How does adding id :: a -> a change the signature in the way it does in the last line ?

like image 711
user3203476 Avatar asked May 04 '19 07:05

user3203476


Video Answer


2 Answers

You’re fixing the type to a particular Monad instance, namely the “function reader” monad (instance Monad ((->) a)).

id :: a -> a and you are attempting to use it as an argument to a parameter of type m a, so:

m a  ~  a -> a
m a  ~  (->) a a
m a  ~  ((->) a) a
m    ~  (->) a
a    ~  a

The remainder of the signature is:

m a -> m Bool

And since m ~ (->) a, the resulting type is:

(->) a a -> (->) a Bool
(a -> a) -> (a -> Bool)
(a -> a) -> a -> Bool

(Plus the Eq a constraint from the use of ==.)

This is useful in pointfree code, particularly using the Applicative instance, since you can implicitly “spread” the argument of a function to subcomputations:

nextThree = (,,) <$> (+ 1) <*> (+ 2) <*> (+ 3)
-- or
nextThree = liftA3 (,,) (+ 1) (+ 2) (+ 3)

nextThree 5 == (6, 7, 8)

uncurry' f = f <$> fst <*> snd
-- or
uncurry' f = liftA2 f fst snd

uncurry' (+) (1, 2) == 3
like image 186
Jon Purdy Avatar answered Oct 25 '22 02:10

Jon Purdy


The signature of liftM2 (==) is (Monad m, Eq a) => m a -> m a -> m Bool. So that means that if we call this function with id :: b -> b as argument, then it means that m a and b -> b are the same type.

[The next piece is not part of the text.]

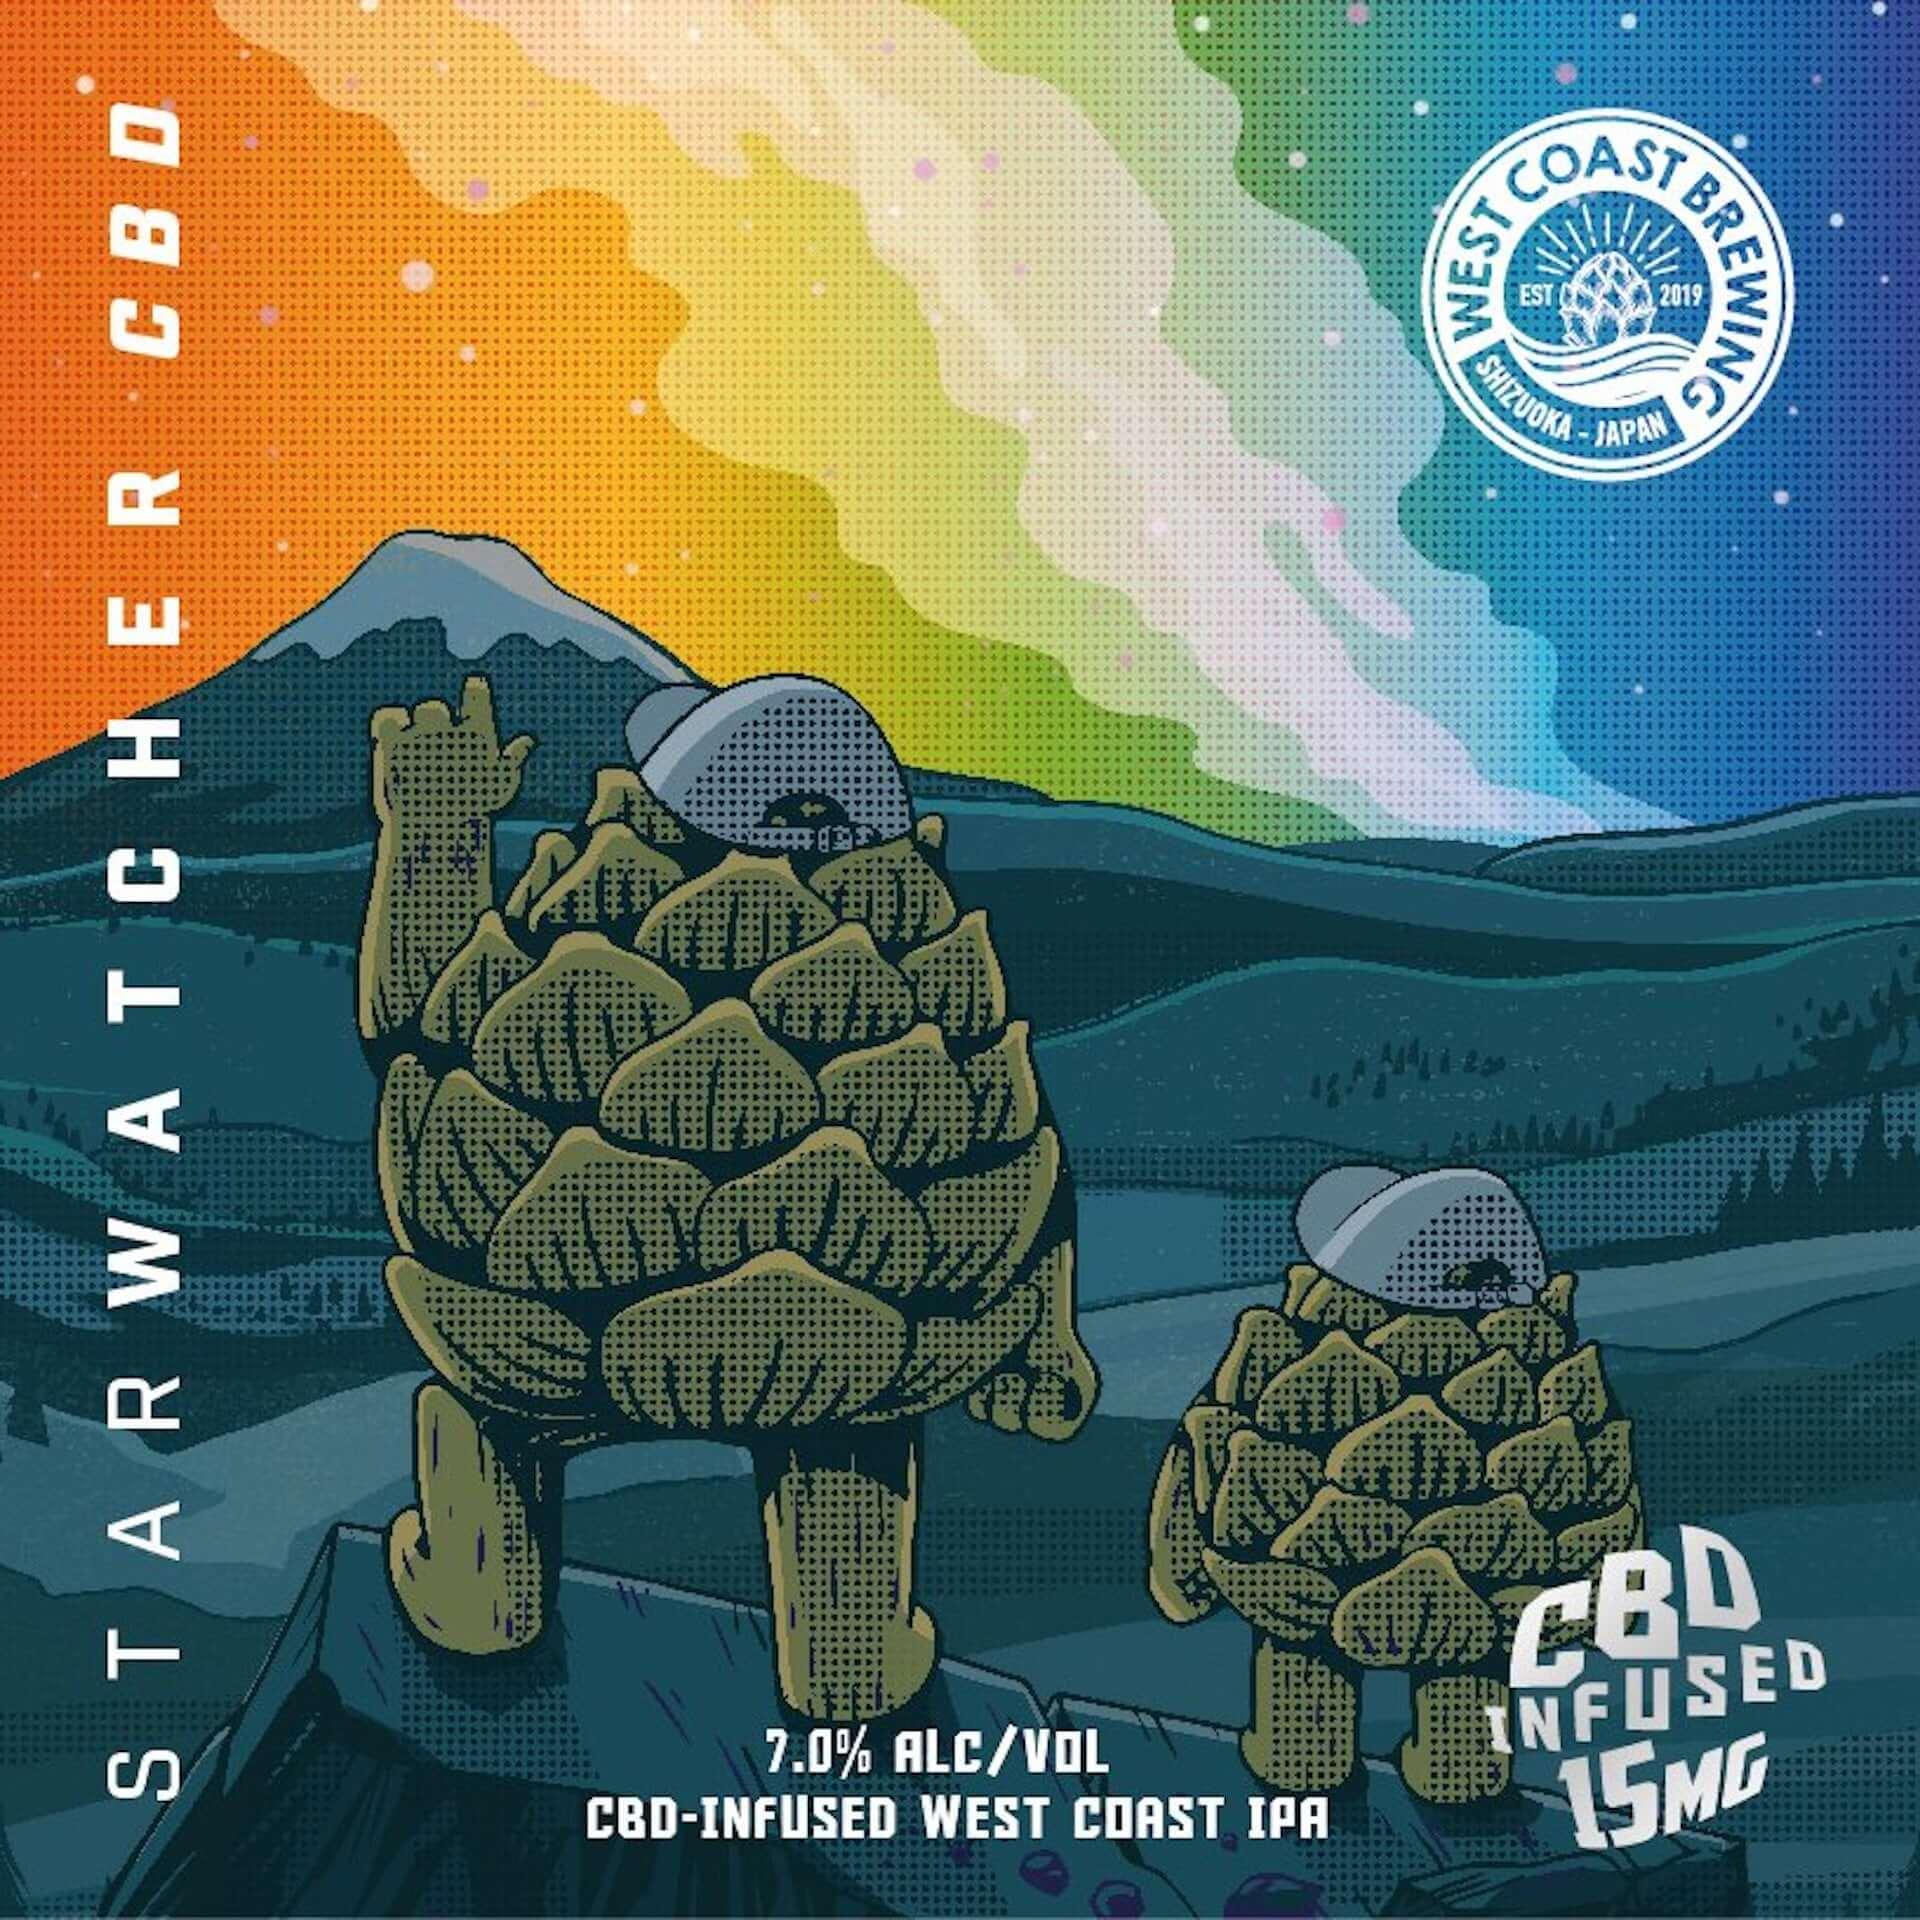 CBD入りクラフトビール『Starwatcher CBD』と『Green Light』がWest Coast Brewingより発売!香り豊かなIPAを採用 gourmet210302_westcoastbrewing_4-1920x1920

The fact that m ~ (->) b holds is not a problem since (->) r is an instance of Monad, indeed in the GHC.Base source code we see:

-- | @since 2.01
instance Monad ((->) r) where
    f >>= k = \ r -> k (f r) r

This only makes sense if m ~ (->) b. Here the arrow (->) is a type constructor, and (->) a b is the same as a -> b.

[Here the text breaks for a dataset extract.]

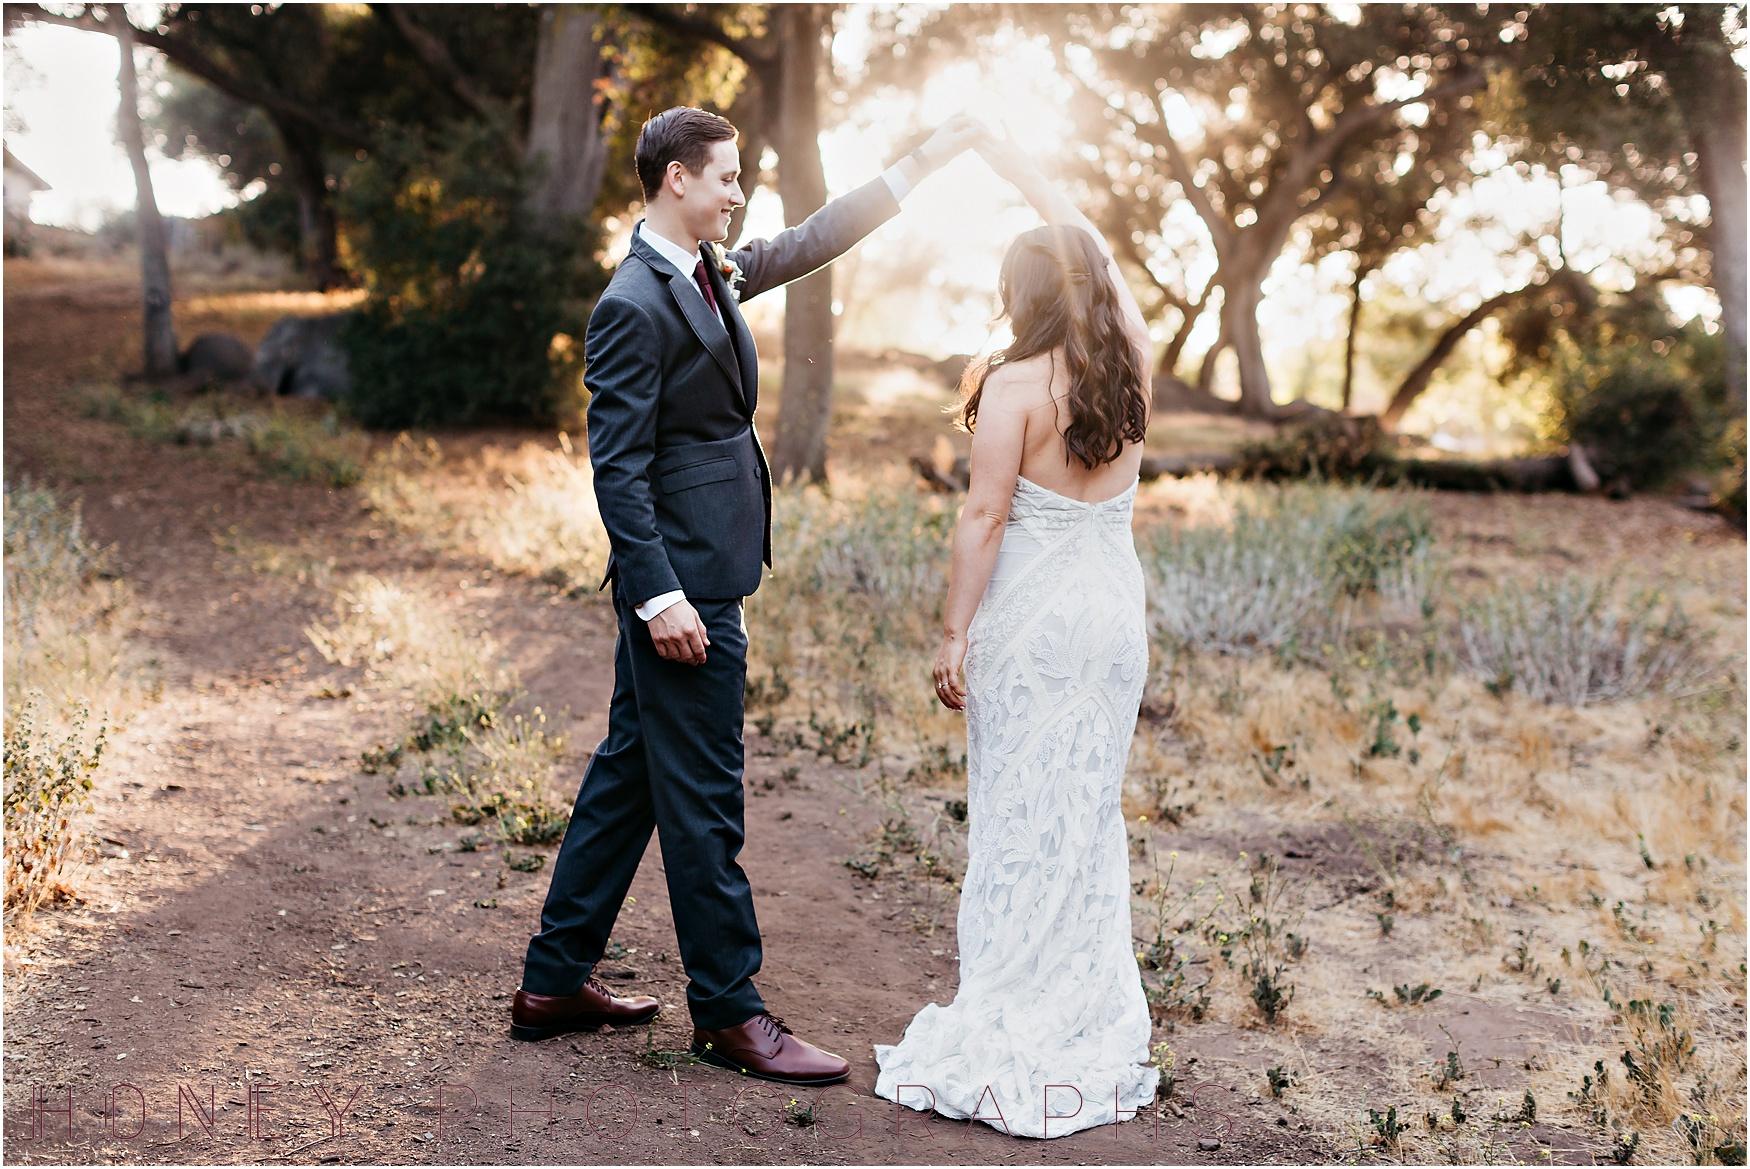 picnic-wedding-rustic-sweetheart-table-felicita-park-boho26.jpg

So it means that if we calculate the type of liftM2 (==) id, we derive the following:

liftM2 (==)    ::  m a     -> m a -> m Bool
            id :: (b -> b)
-------------------------------------------
m ~ (->) b, a ~ b

This thus means that the output type of liftM2 (==) id is liftM2 (==) id :: (Monad m, Eq a) => m a -> m Bool, but we need to "specialize" this with the knowledge we obtained: that m a is (->) b and a is the same type as b, so:

   liftM2 (==) id :: (Monad m, Eq a) => m a -> m Bool
-> liftM2 (==) id :: (Monad m, Eq a) => (b -> a) -> (b -> Bool)
-> liftM2 (==) id :: Eq b => (b -> b) -> (b -> Bool)
-> liftM2 (==) id :: Eq b => (b -> b) -> b -> Bool

In short the function is still "monadic", although by using id, you have selected a specific monad, and thus the function is no longer applicable to all sorts of monads, only to the (->) r monad.